Dans la partie centrale de la pièce, Turinsky aborde le thème du travail et du handicap en utilisant Les cendres de Gramsci, un recueil de poèmes de l'un des plus importants écrivains italiens du XXe siècle, Pier Paolo Pasolini. Pasolini a été inspiré par la tombe d'Antonio Gramsci, l'un des fondateurs du parti communiste italien. Il existe un lien profond entre ces deux personnages : non seulement ils étaient tous deux communistes, mais ils étaient aussi tous deux “différents” :
Pasolini, largement connu en Italie pour son orientation sexuelle et souvent attaqué pour cela par les politiciens et les journalistes ; et Gramsci, qui souffrait d'une malformation de la colonne vertébrale que nous qualifierions aujourd'hui de handicap. Comme le fait remarquer Turinsky pendant la représentation, “de nos jours, il est plus facile de se décrire comme queer ou handicapé que comme communiste”, soulignant le changement de paradigme des 50 dernières années : tandis que la communauté LGBTQIA+ se battait pour défendre ses droits et que les ‘Disability Studies’ émergeaient en tant que champ d'étude, le communisme perdait une grande partie de son pouvoir politique.
Bien que le handicap de Gramsci ait été largement connu de son vivant, les historiens ultérieurs l'ont minimisé, en dépit du fait qu'il a défini toute sa vie : enfant, il a été socialement exclu et a été refusé pour le service militaire, ce qui lui a involontairement permis de rester actif dans le mouvement ouvrier et d'étudier à l'université alors que d'autres dirigeants étaient mobilisés ou arrêtés.
Aujourd'hui, les spécialistes suggèrent que son concept de ‘subalterne’, qui définit les groupes marginalisés et socialement exclus, a été fortement influencé par sa propre expérience de vie avec un handicap dans une société discriminatoire à l'égard des personnes handicapées. Malgré sa maladie chronique, Gramsci a été arrêté par le parti fasciste et a passé la majeure partie de sa vie en prison ; il n'a finalement été libéré qu'en raison de la détérioration de son état de santé. Il est mort à Rome en 1937, à l'âge de 46 ans, alors que le pays était encore aux mains du fascisme.
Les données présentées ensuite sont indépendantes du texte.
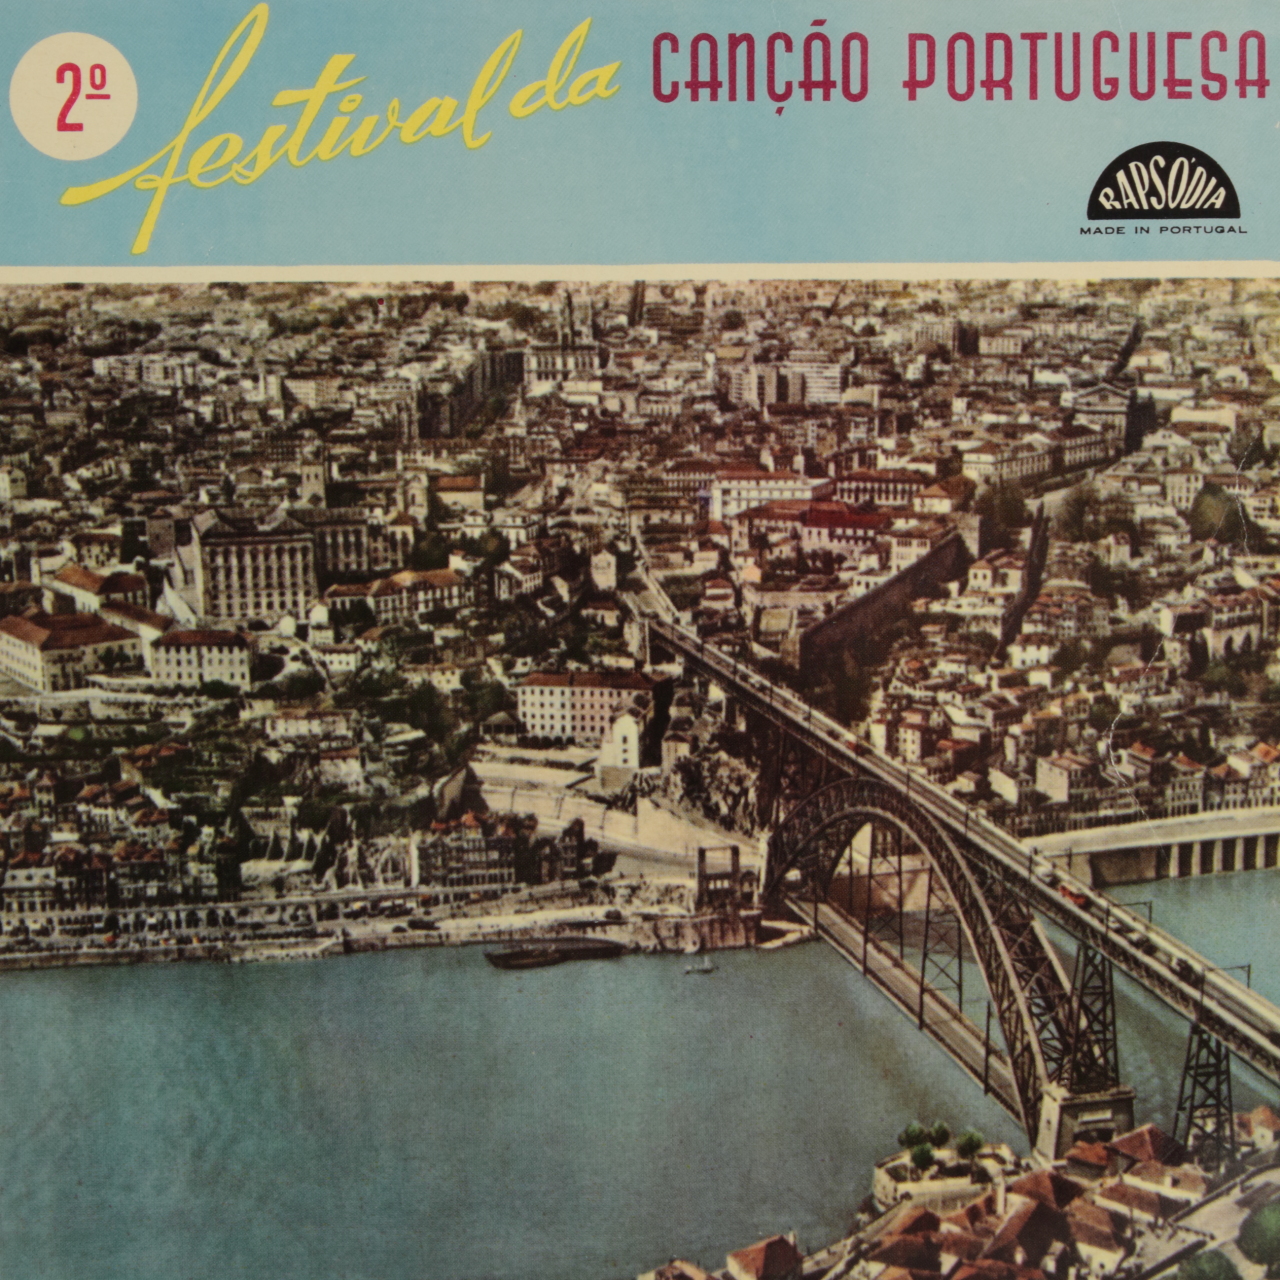 2º Festival da Canção Portuguesa

Je pense qu'il est important de savoir qui étaient Pasolini et Gramsci pour apprécier pleinement toutes les couches de cette performance. C'est pourquoi je me suis sentie privilégiée de pouvoir y assister ; je connaissais déjà les références que Turinsky a incorporées dans le spectacle. J'ai été profondément touchée d'entendre la voix de Pasolini lire l'un des poèmes des Cendres de Gramsci, interprété dans un autre pays. Quatre affiches reprenant des citations emblématiques de Gramsci servaient de toile de fond, notamment : “Je déteste les indifférents. Je crois que vivre signifie prendre parti. Ceux qui vivent vraiment ne peuvent qu'être des citoyens et des partisans”.”
Cela m'a profondément touché en tant qu'Italien, et j'espère que les autres spectateurs ont également découvert quelque chose sur deux de nos plus importants penseurs modernes.
À la fin, après la musique, les conversations et les chants, la performance revient à la danse et au mouvement. La dernière image montre Turinsky utilisant une perceuse pour ouvrir une boîte en béton, d'où émerge une autre boîte qui était cachée à l'intérieur.